Evolvability is defined as the capacity of a system for adaptive evolution. Evolvability is the ability of a population of organisms to not merely generate genetic diversity, but to generate adaptive genetic diversity, and thereby evolve through natural selection.[1][2][3]

In order for a biological organism to evolve by natural selection, there must be a certain minimum probability that new, heritable variants are beneficial. Random mutations, unless they occur in DNA sequences with no function, are expected to be mostly detrimental. Beneficial mutations are always rare, but if they are too rare, then adaptation cannot occur. Early failed efforts to evolve computer programs by random mutation and selection[4] showed that evolvability is not a given, but depends on the representation of the program as a data structure, because this determines how changes in the program map to changes in its behavior.[5] Analogously, the evolvability of organisms depends on their genotype–phenotype map.[6][7][8] This means that genomes are structured in ways that make beneficial changes more likely. This has been taken as evidence that evolution has created fitter populations of organisms that are better able to evolve.

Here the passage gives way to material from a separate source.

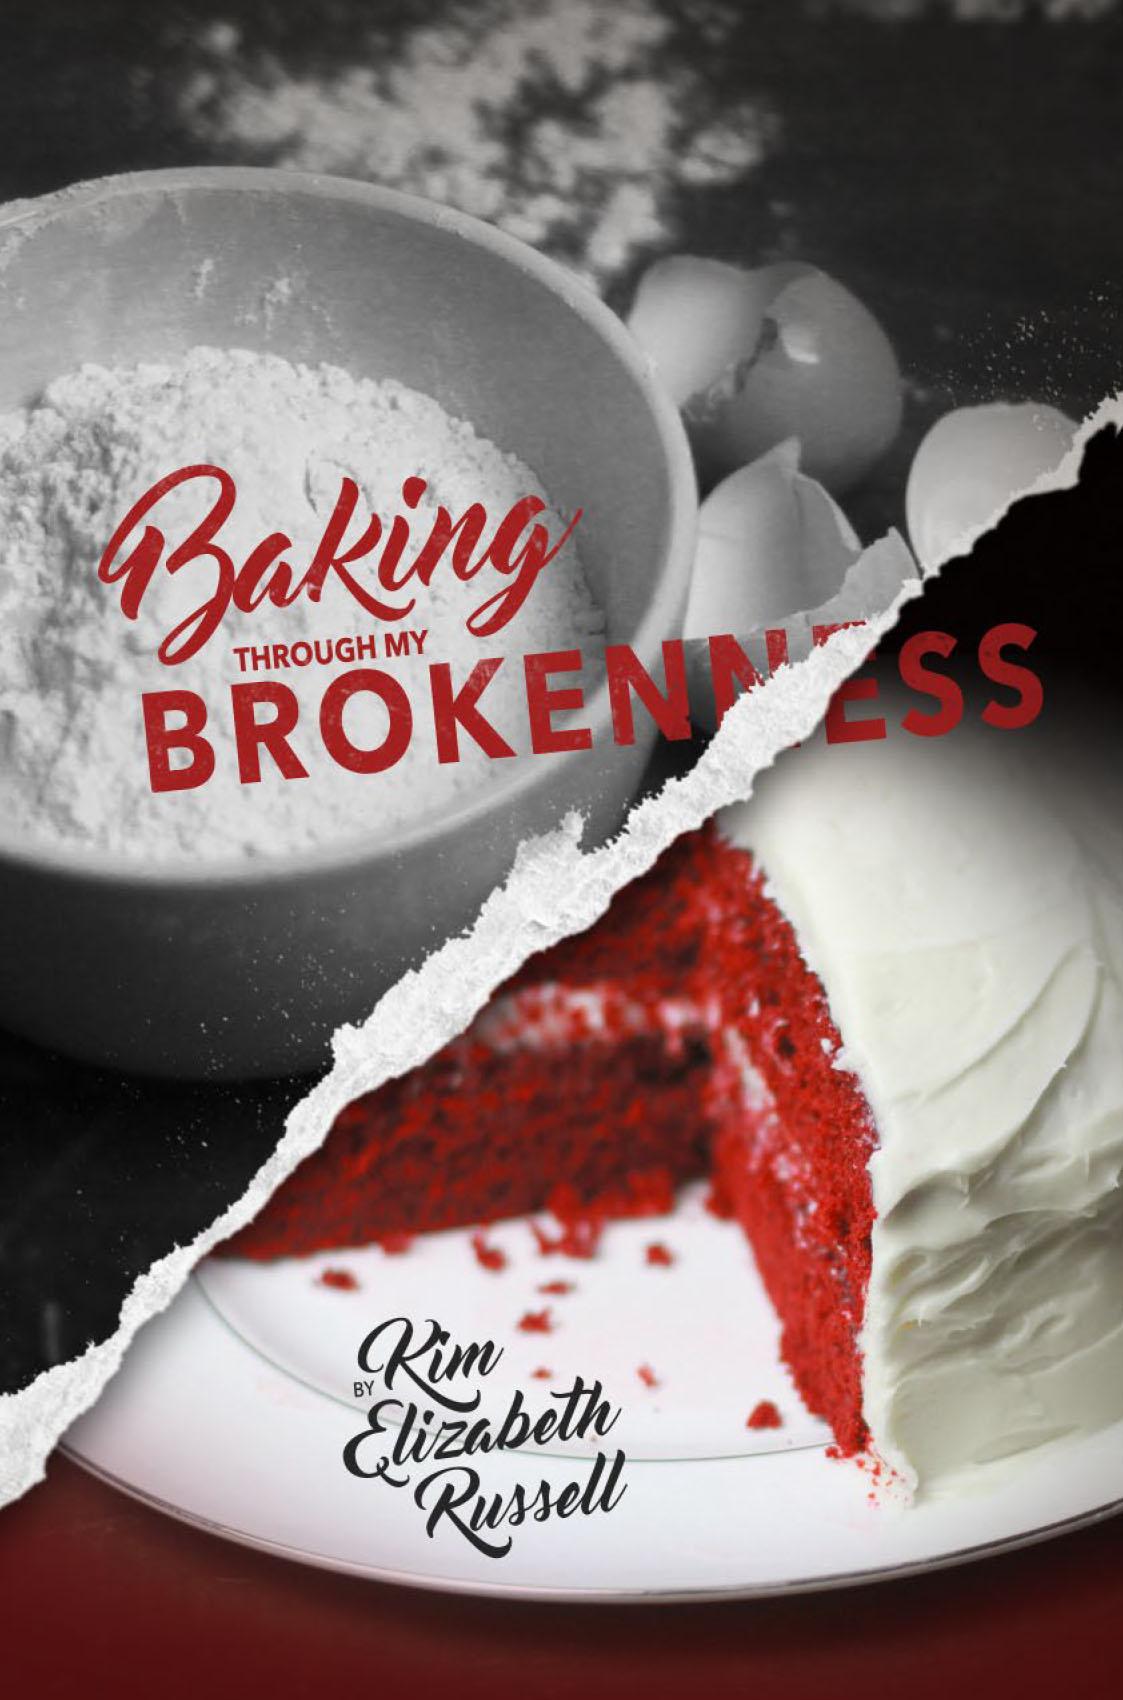 Baking Through My Brokenness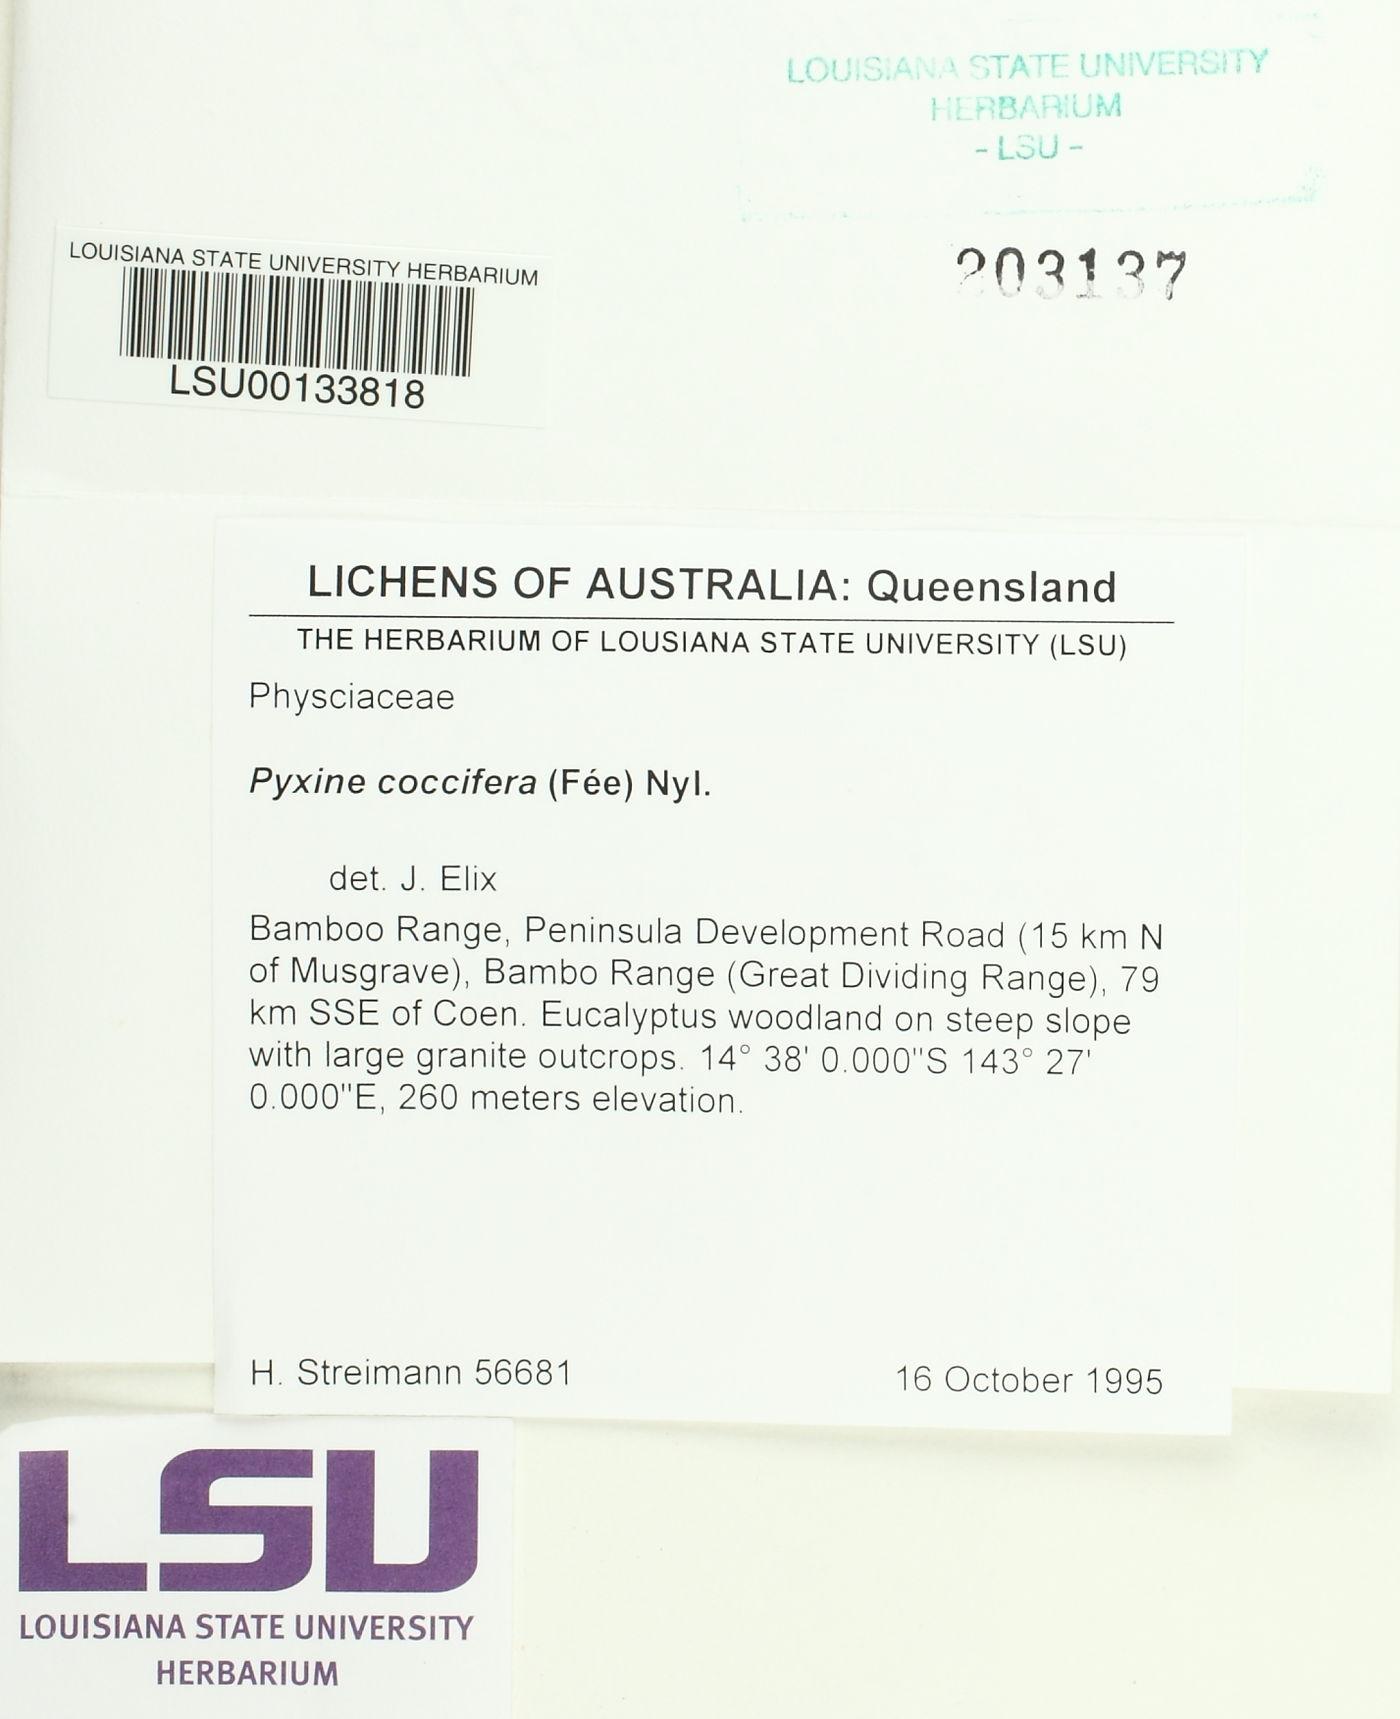 Pyxine coccifera image

  1. ^ Colegrave N, Collins S (May 2008). "Experimental evolution: experimental evolution and evolvability". Heredity. 100 (5): 464–70. doi:10.1038/sj.hdy.6801095. PMID 18212804.
  2. ^ Kirschner M, Gerhart J (July 1998). "Evolvability". Proceedings of the National Academy of Sciences of the United States of America. 95 (15): 8420–7. Bibcode:1998PNAS...95.8420K. doi:10.1073/pnas.95.15.8420. PMC 33871. PMID 9671692.
  3. ^ Altenberg L (1995). "Genome growth and the evolution of the genotype–phenotype map". Evolution and Biocomputation. Lecture Notes in Computer Science. Vol. 899. pp. 205–259. CiteSeerX 10.1.1.493.6534. doi:10.1007/3-540-59046-3_11. ISBN 978-3-540-59046-0.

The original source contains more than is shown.